#### Entries provided

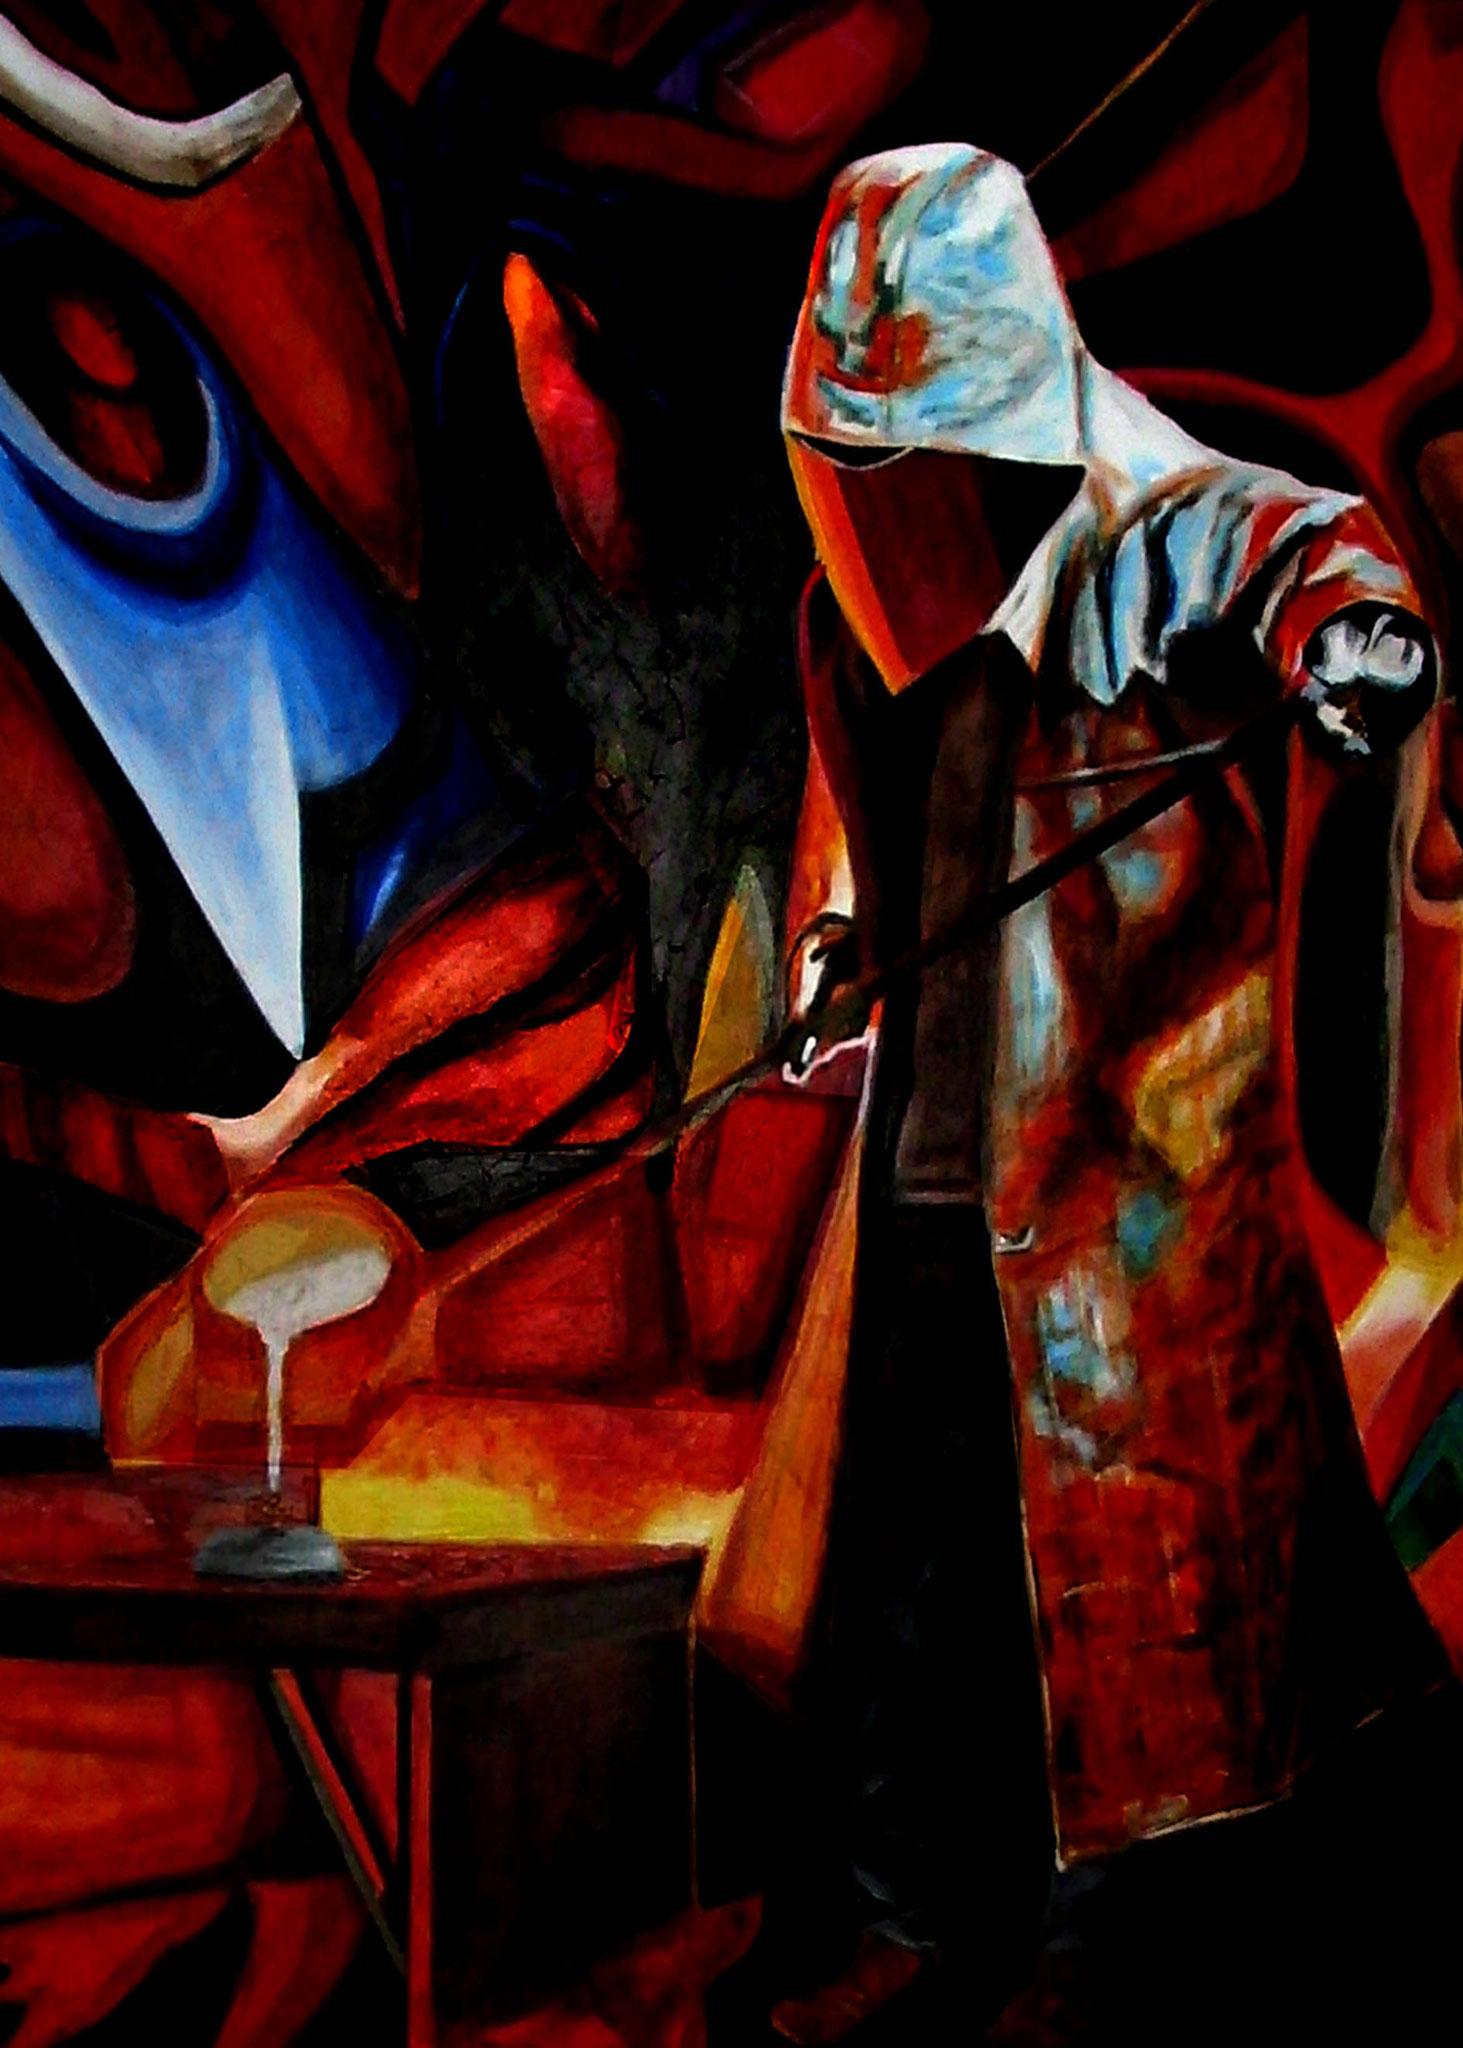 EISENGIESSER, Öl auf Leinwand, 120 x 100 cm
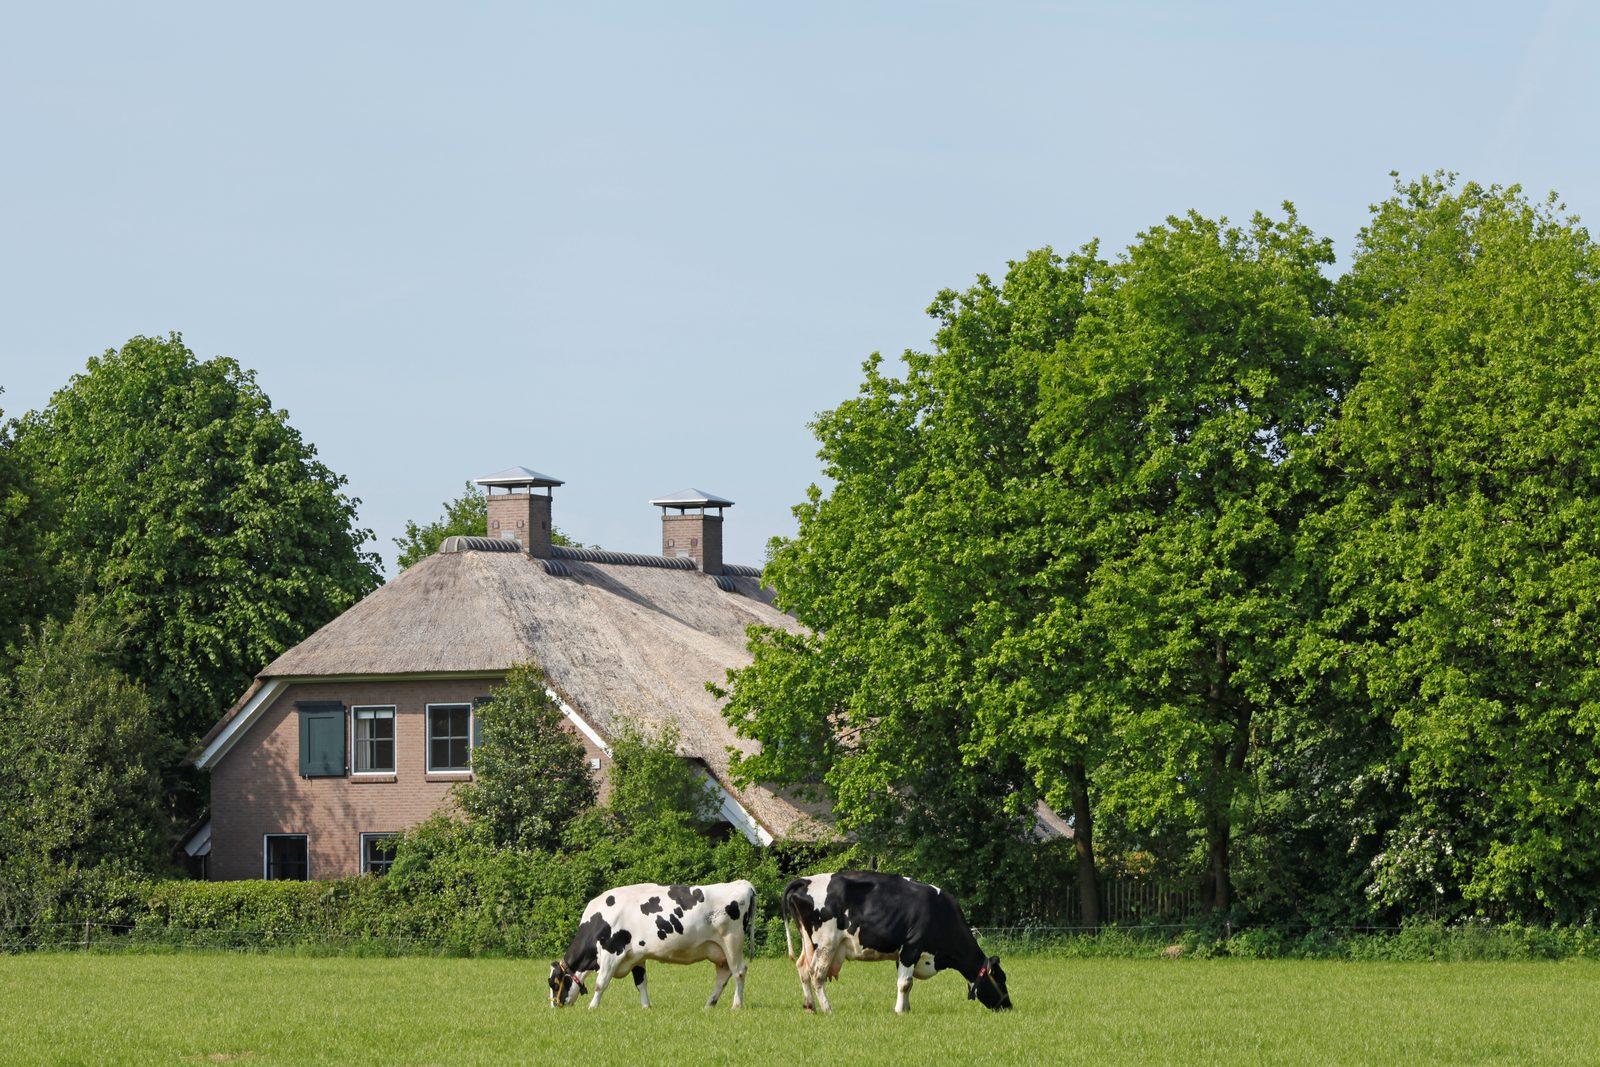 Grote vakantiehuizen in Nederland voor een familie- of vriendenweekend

########
#### Entries provided

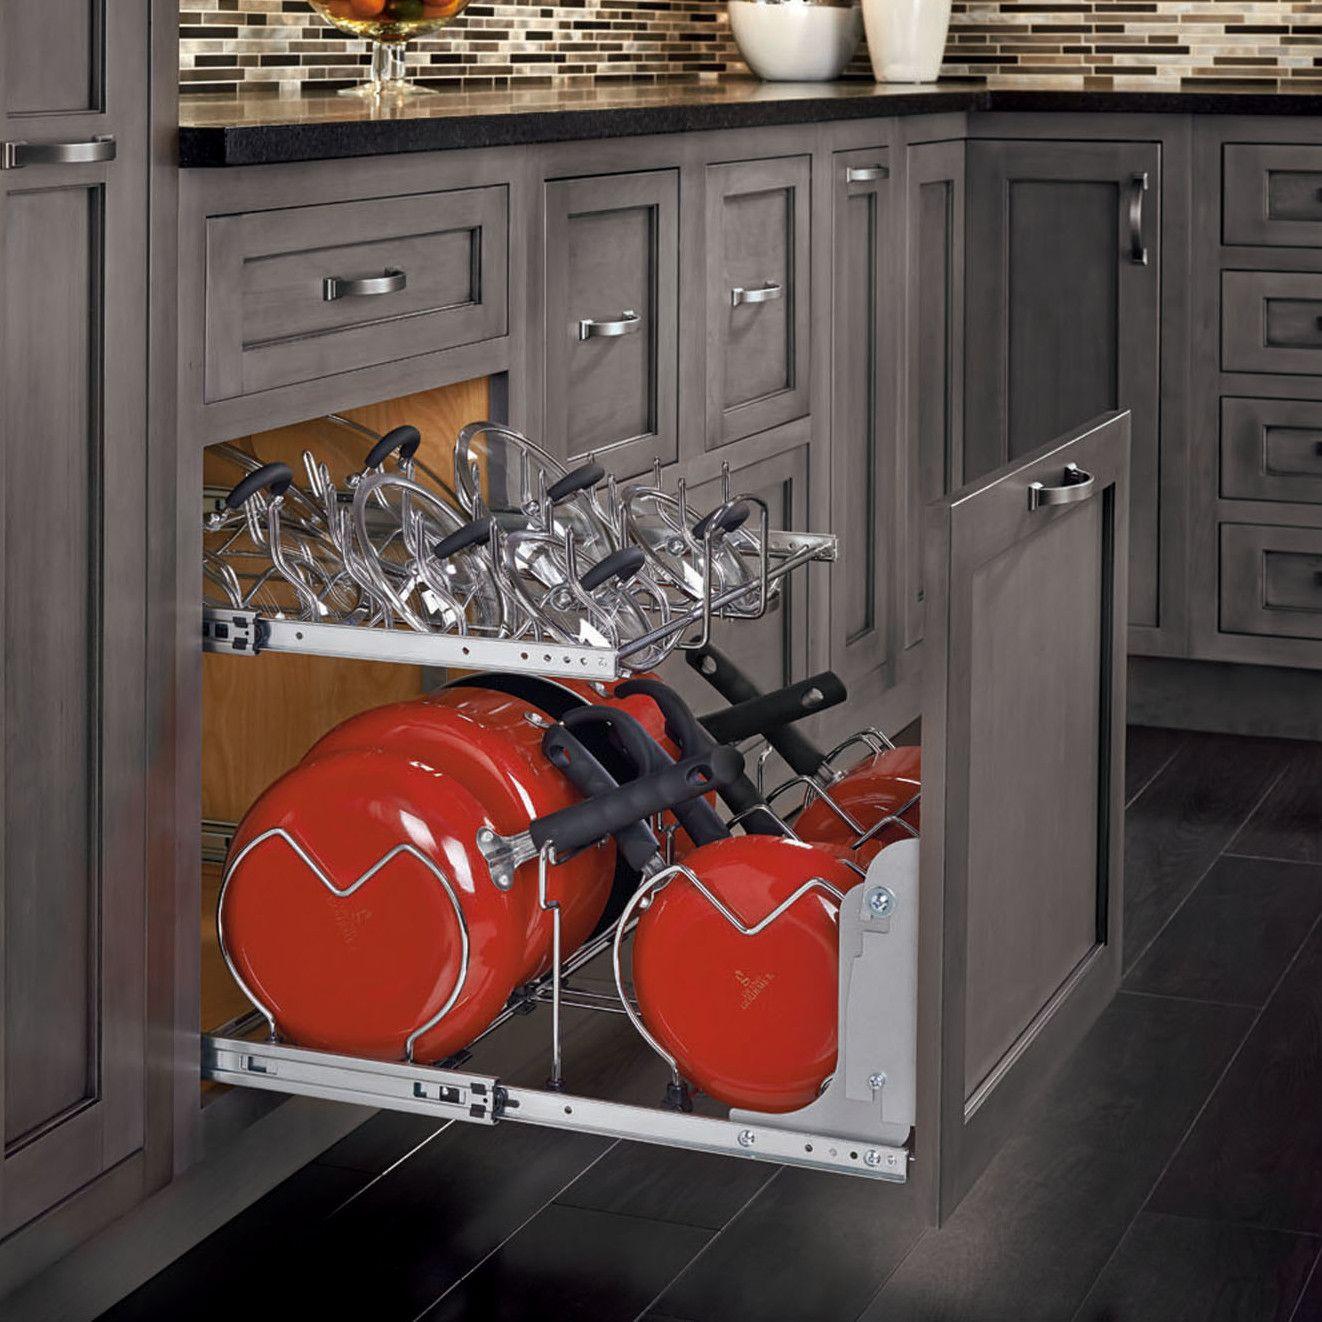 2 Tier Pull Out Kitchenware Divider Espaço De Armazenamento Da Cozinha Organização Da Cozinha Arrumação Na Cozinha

########

**Aim of the exercise**
Please return the material above only from the line that holds "EISENGIESSER, Öl auf Leinwand, 120 x 100 cm" through the line that holds "Grote vakantiehuizen in", exactly as it stands, ends included and pictures omitted.

**Exercise response**
 EISENGIESSER, Öl auf Leinwand, 120 x 100 cm
 Grote vakantiehuizen in Nederland voor een familie- of vriendenweekend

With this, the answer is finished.